### What needs to be done:
Set the whole listing down again, word for word, with no pictures.

### Data shown:
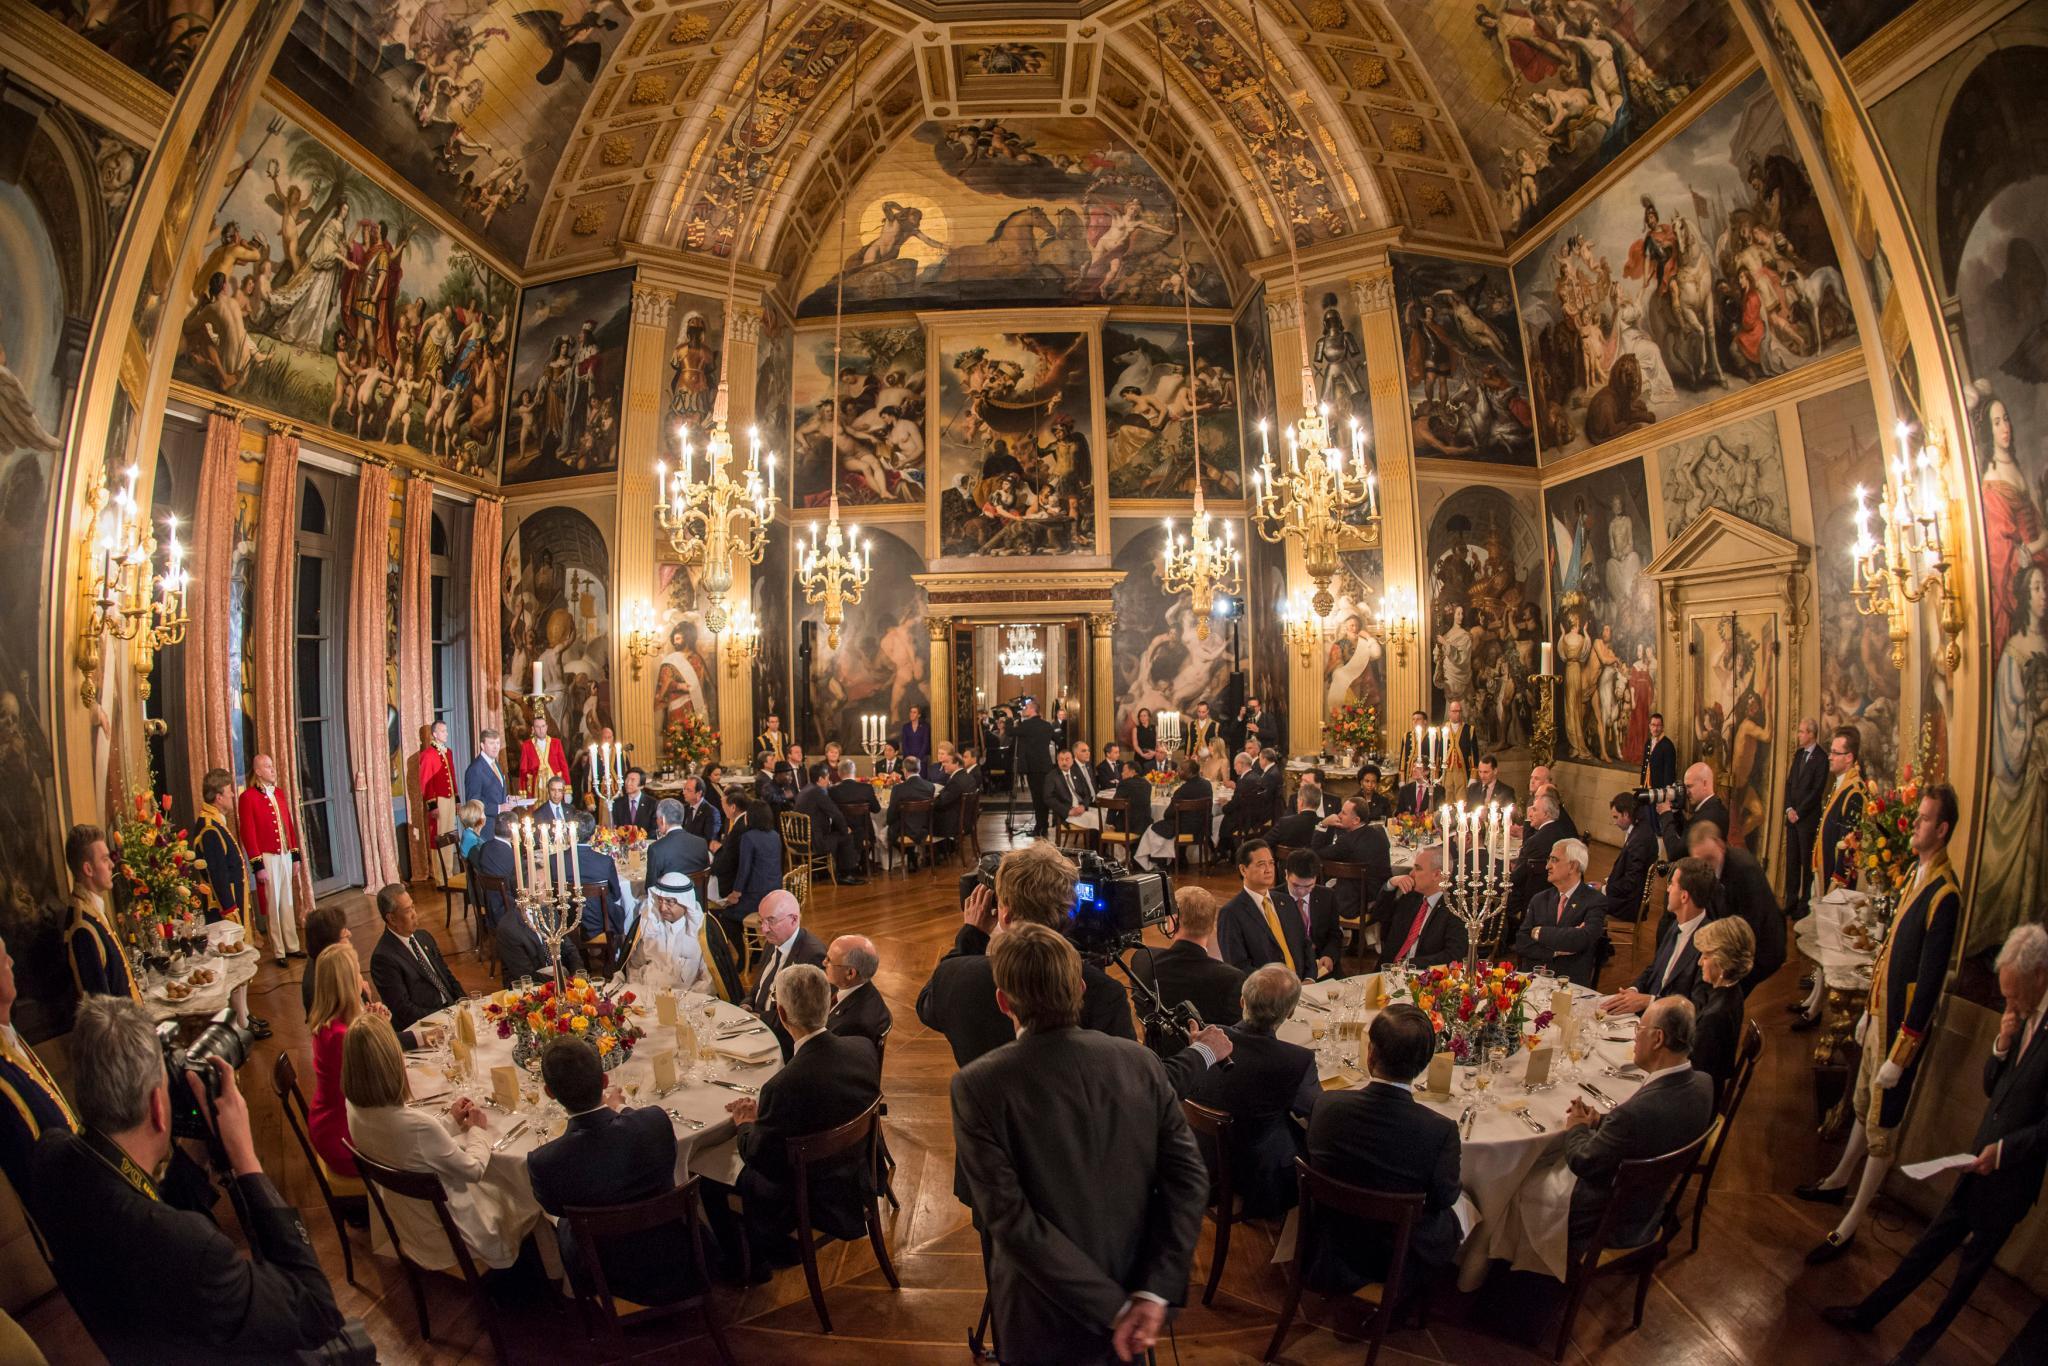 In diesem Festsaal im Könisgpalast in Den Haag fand das Dinner mit internationalen Politikern, darunter auch US-Präsident Barack Obama, statt.
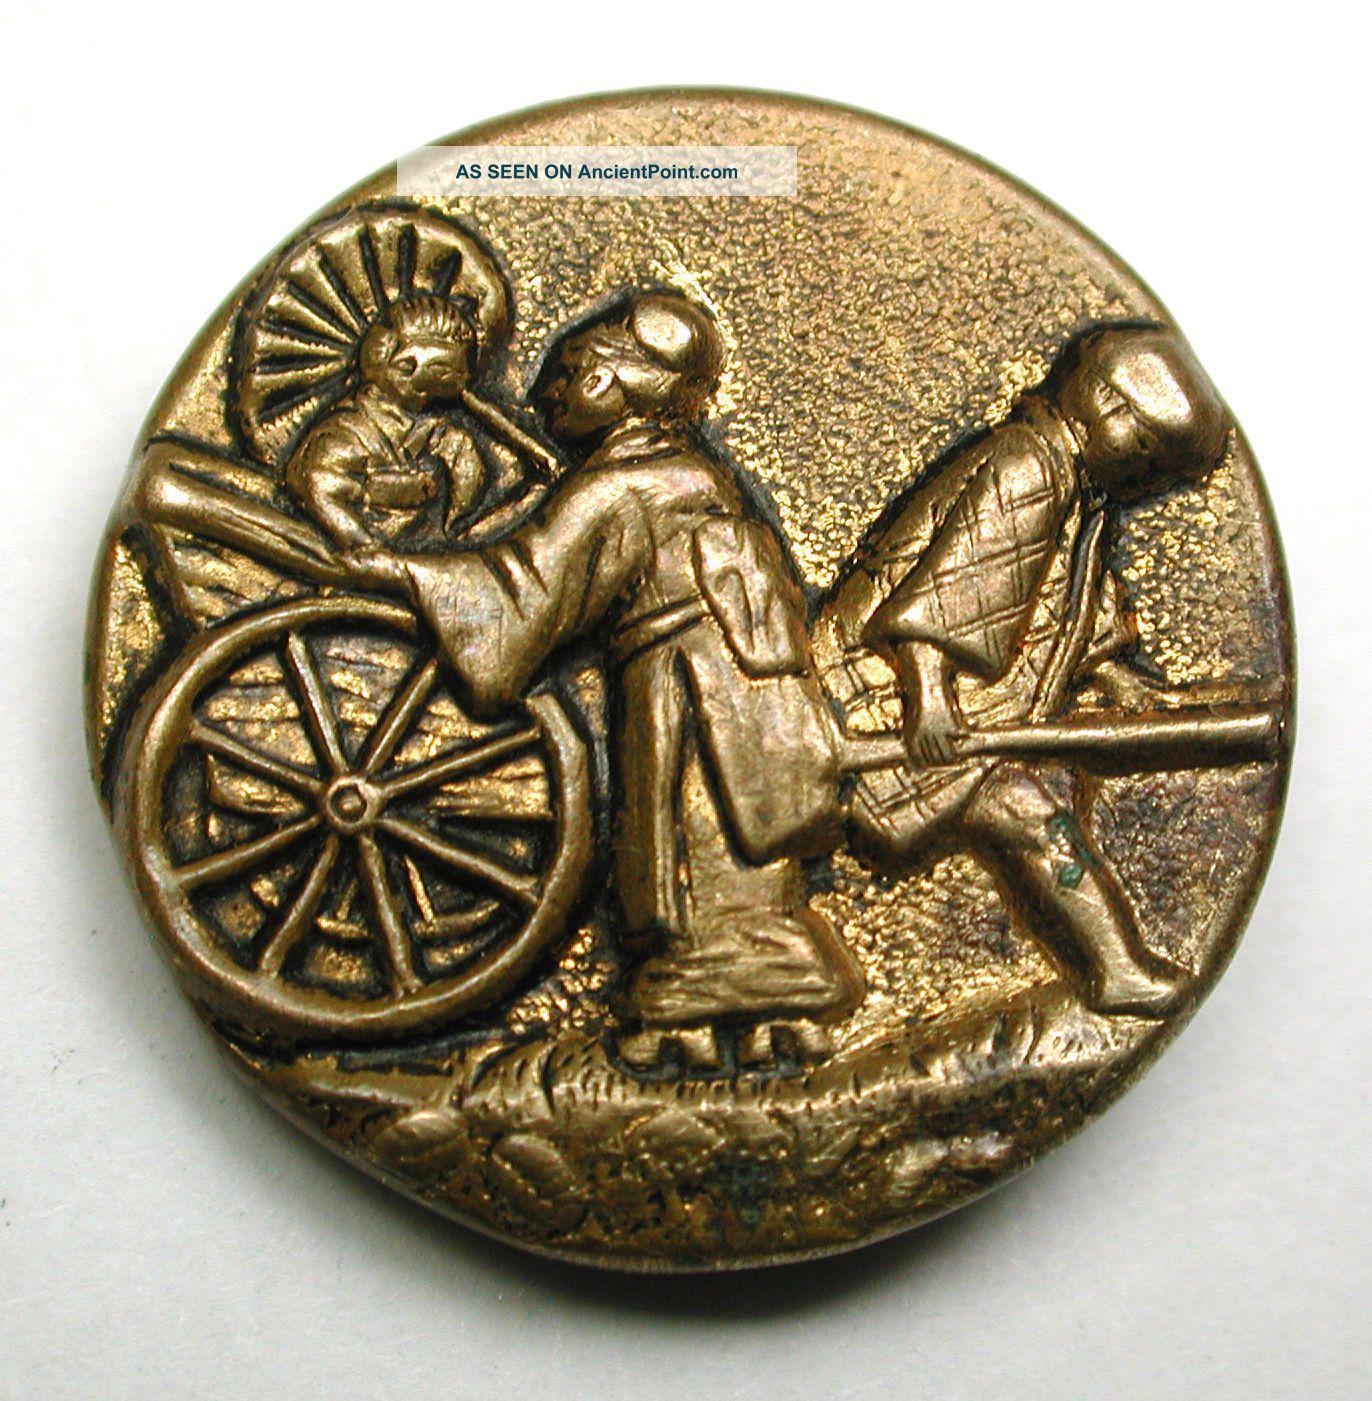 Antique Stamped Brass Button Asian Rickshaw Pictorial Design - 13/16
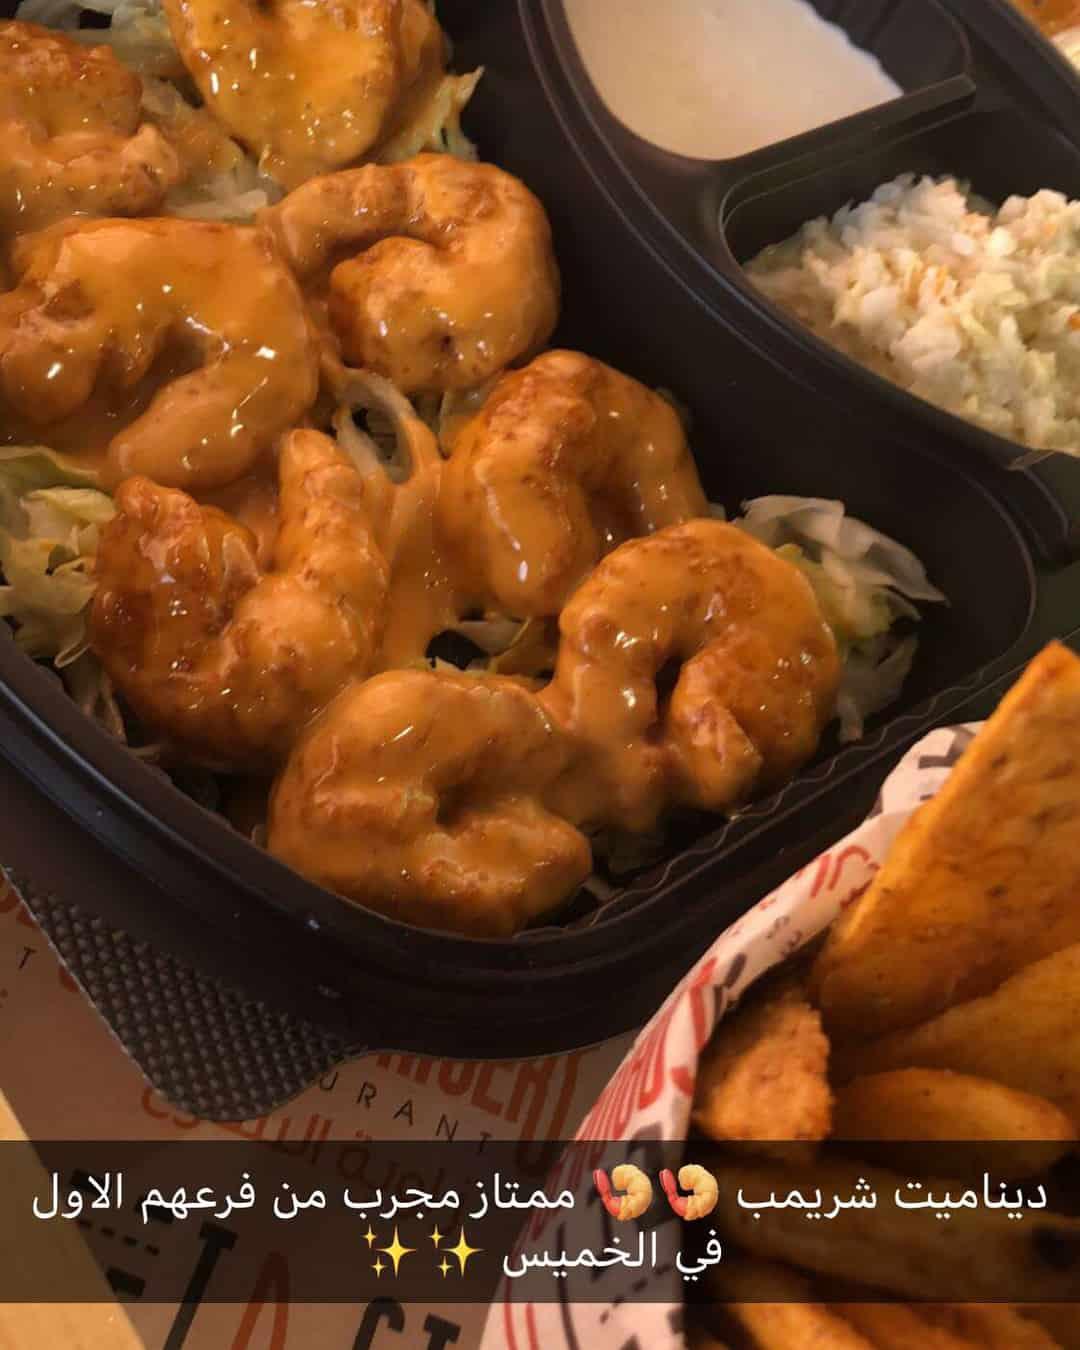 مطعم زاوية الشارع في أبها
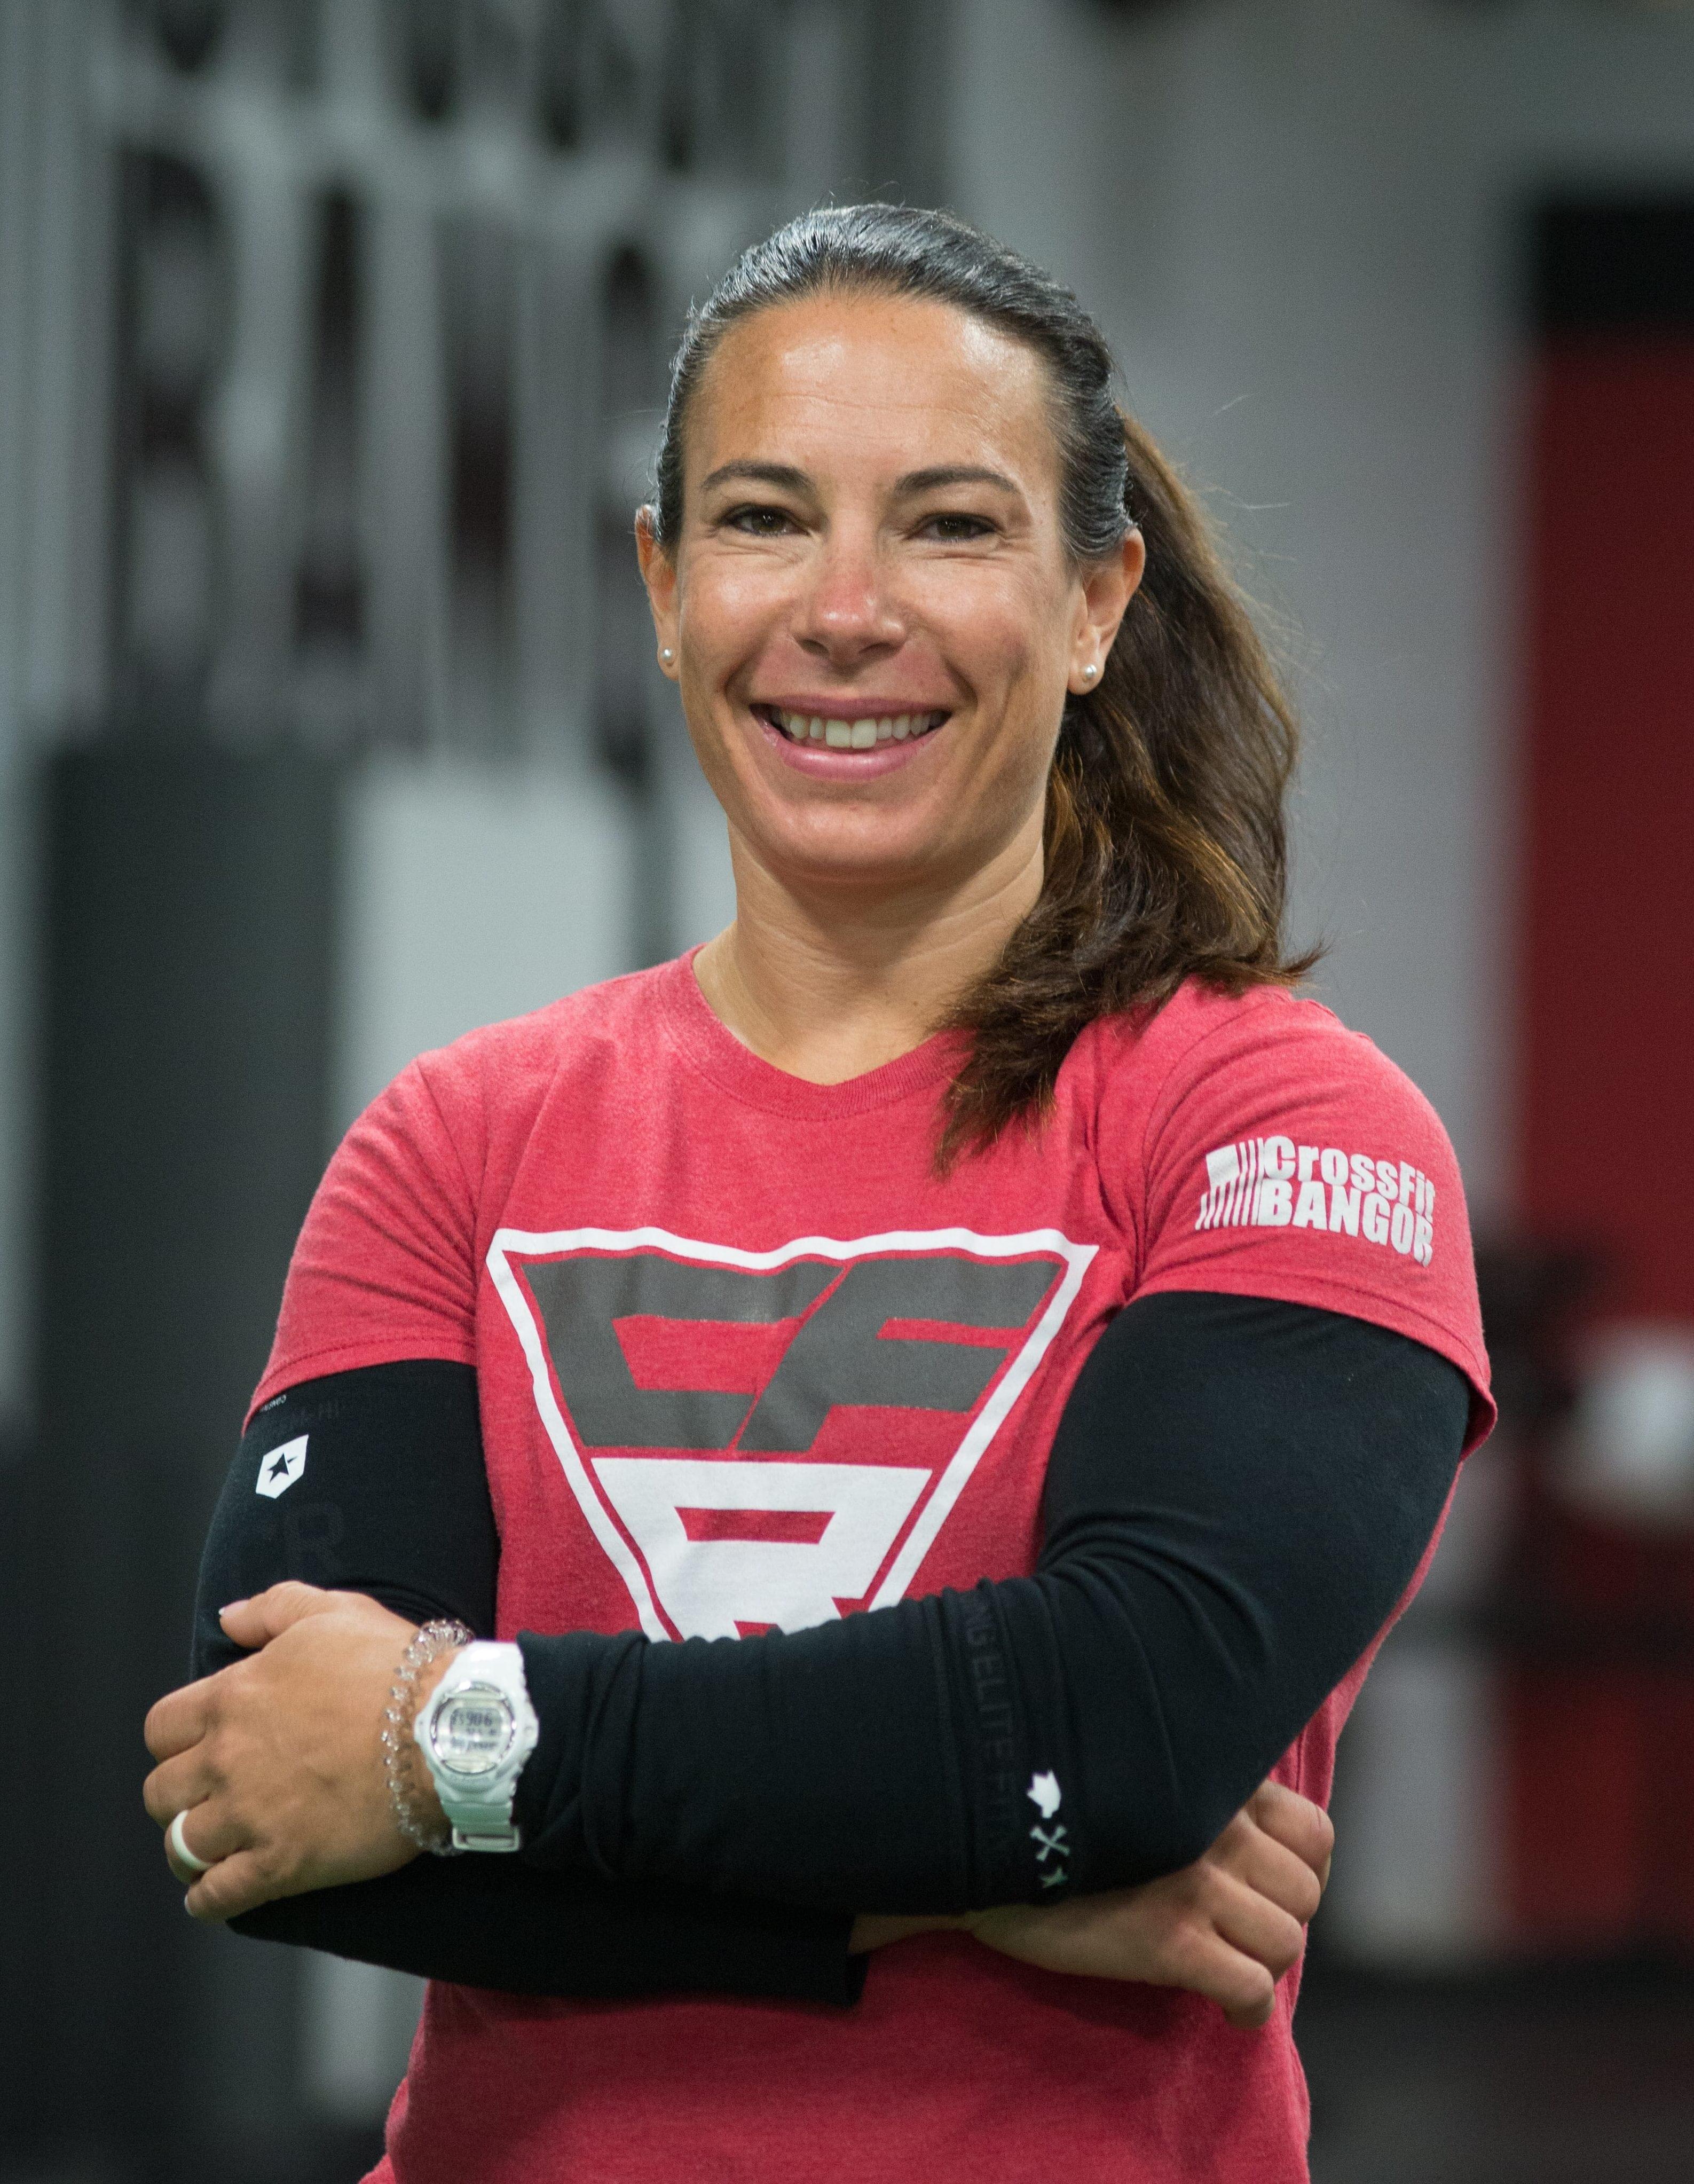 Melinda Metten

### Solution to this exercise:
 In diesem Festsaal im Könisgpalast in Den Haag fand das Dinner mit internationalen Politikern, darunter auch US-Präsident Barack Obama, statt.
 Antique Stamped Brass Button Asian Rickshaw Pictorial Design - 13/16
 مطعم زاوية الشارع في أبها
 Melinda Metten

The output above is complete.